ORANGE, Conn.--(BUSINESS WIRE)--AVANGRID, Inc. (NYSE: AGR), a leading sustainable energy company, announced today that it has received Nuclear Regulatory Commission (NRC) approval for its proposed PNM Resources, Inc. (NYSE: PNMR) merger. NRC approval represents the sixth governmental approval. The only remaining approval is from the New Mexico Public Regulation Commission (NMPRC). The other governmental entities that have approved the merger are:


  • Hart-Scott-Rodino Antitrust Clearance – January 20, 2021
  • Committee on Foreign Investment – February 1, 2021
  • Federal Communications Commission – March 10, 2021
  • Federal Energy Regulatory Commission – April 20, 2021
  • Public Utility Commission of Texas – May 13, 2021

“This merger brings many benefits to customers and communities in New Mexico and we are encouraged by the continued approvals,” said Dennis V. Arriola, CEO of AVANGRID. “We look forward to working with PNM and the people of New Mexico to spur economic growth and accelerate the clean energy transformation.”

To date, a majority of the parties (thirteen in total) that have intervened in the NMPRC proceeding have either signed or are seeking to add their signatures to the stipulation filed to resolve the issues in the NMPRC proceeding.

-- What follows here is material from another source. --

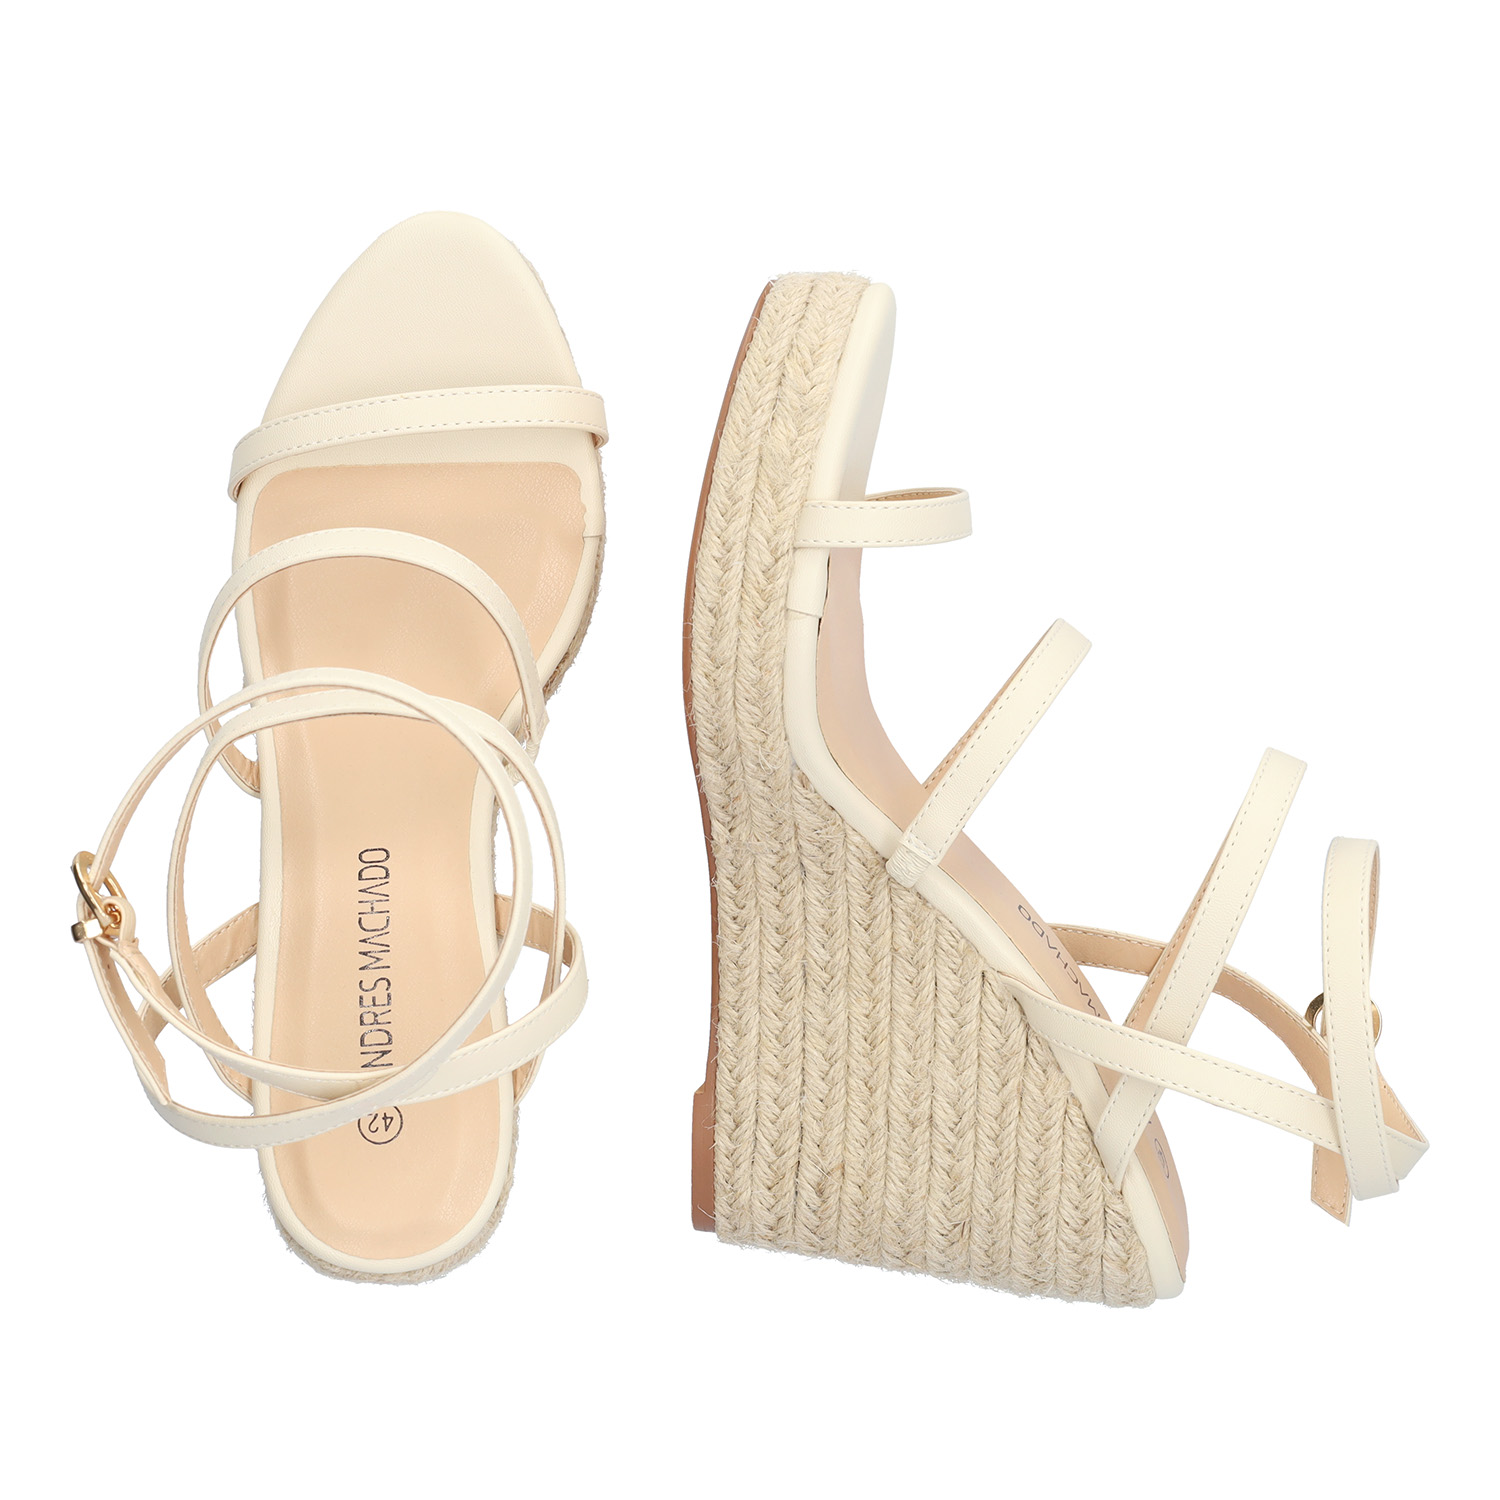 Beige soft fabric sandal with a jute wedge

The customer benefits in the stipulation include:

  • $50 million in customer rate credits over three years;
  • $6 million in COVID arrearages relief for customers;
  • $15 million for low-income customer energy-efficiency assistance; and
  • $2 million to bring electricity to low-income, remote customers.

The stipulation includes additional economic development for New Mexico:

  • 150 new full-time jobs over three years that will remain no less than five years thereafter;
  • $7.5 million in additional economic development funds;
  • $12.5 million in economic development contributions to community groups in the Four Corners region over five years ($2.5 million/year);
  • Improvements to the energy transition displaced worker assistance fund relating to the closure of the San Juan Generating Station; and
  • Free access to streetlighting poles for local governments for wireless internet access for 3 years.

The NMPRC hearing examiner is expected to hold a conference among parties on May 28.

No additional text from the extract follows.